Arguably, that step 3 isn’t required. S3 will host a site just fine, even if 1,000, 000 visitors show up in an hour. But there’s something to be said for how fast a page loads. It just feels more professional if its fast.

Also, I don’t often get complete freedom to build a site from scratch - I’m usually working with existing sites and I’m involved because they don’t scale.

Build a basic site

Ok, here it is. Two bits of markdown, converted to html using multimarkdown and a makefile (seriously), with a tiny bit of css.

Host it on Amazon S3

  1. Sign up for Amazon AWS
  2. Create bucket
  3. Set permissions
  4. Enable static website hosting

The second example on the S3 documentation page is for enabling anyone to view the content.

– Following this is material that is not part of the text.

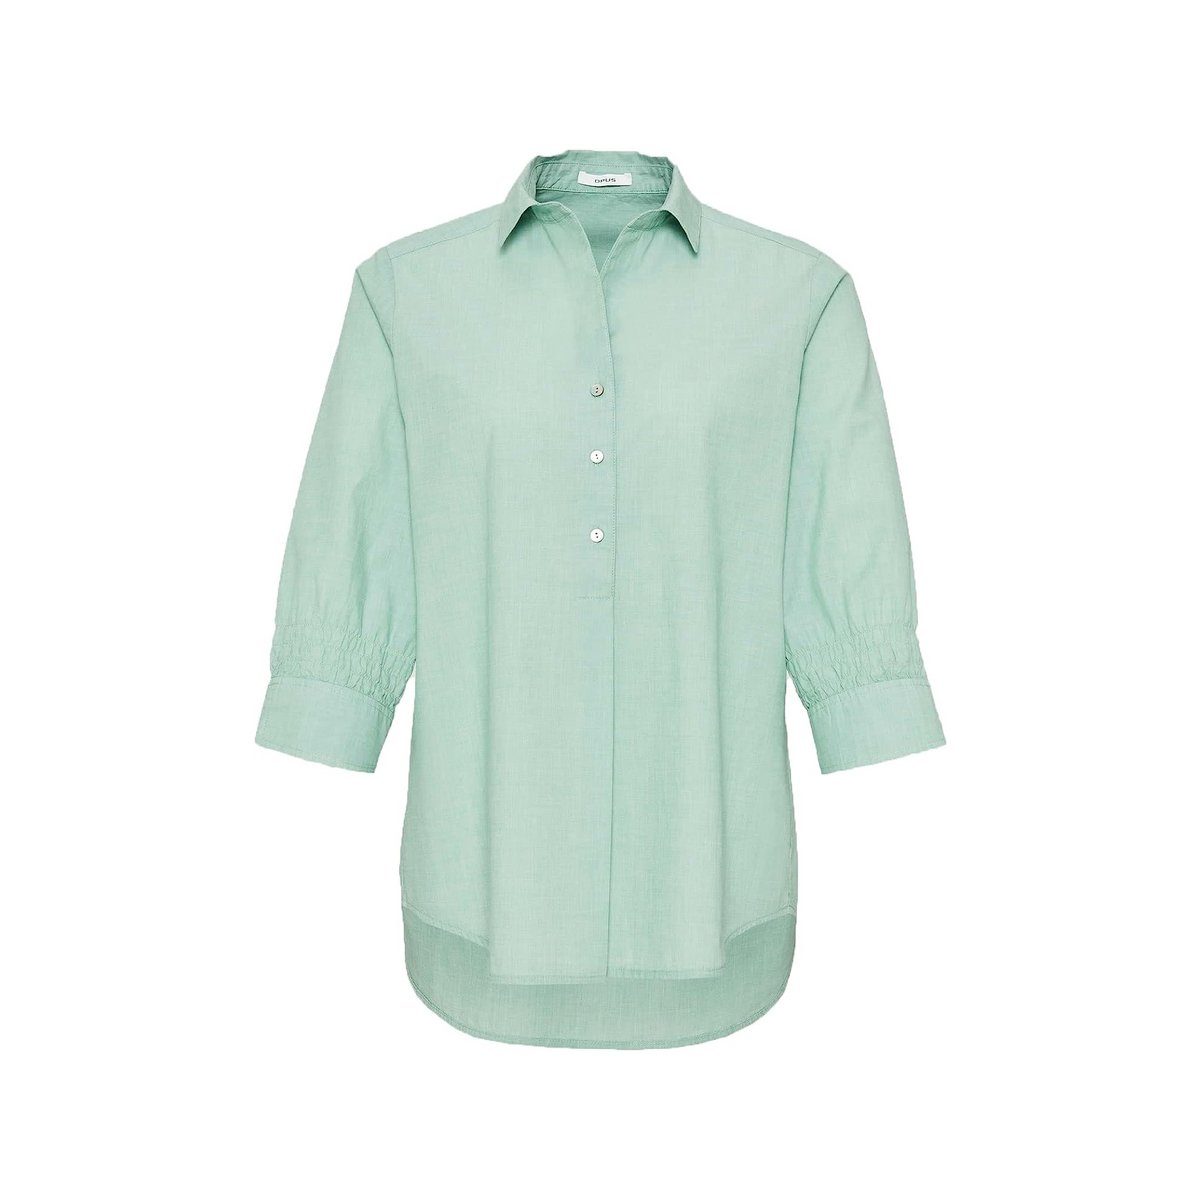 Grüne someday Blusen für Damen online kaufen | OTTO | T-Shirts

At this point in the setup process my S3 bucket is set up to allow anyone to view it. This helps me test everything is working. It would be viewable at http://jamiebriant.com.s3-website-us-east–1.amazonaws.com/setup .html.

The use of jamiebriant.com turned out to be a problem, though easily rectified.

Configure Amazon Cloudfront

Cloudfront is Amazon’s CDN.

First, a discussion about caching. This is what the docs say about that:

You can control how long your objects stay in a CloudFront cache before CloudFront forwards another request to your origin. Reducing the duration allows you to serve dynamic content. Increasing the duration means your customers get better performance because your objects are more likely to be served directly from the edge cache. A longer duration also reduces the load on your origin.

“load” here is what usually brings down a website and takes it offline. I’m not exactly worried about “load” on my origin, since the origin is S3. I think the S3 servers can handle the load. However, “load” equates to GETs and GETs are what I am billed for. So I’m motivated to reduce load.

In “internet-speed” terms, a blog post is a tremendously slow-changing object. What’s the right balance? Answer: I don’t really know yet. I could tell Cloudfront to cache my data for 24 hours, but there’s no guarantee that an edge server will actually bother to keep the content for that long (anyone know?).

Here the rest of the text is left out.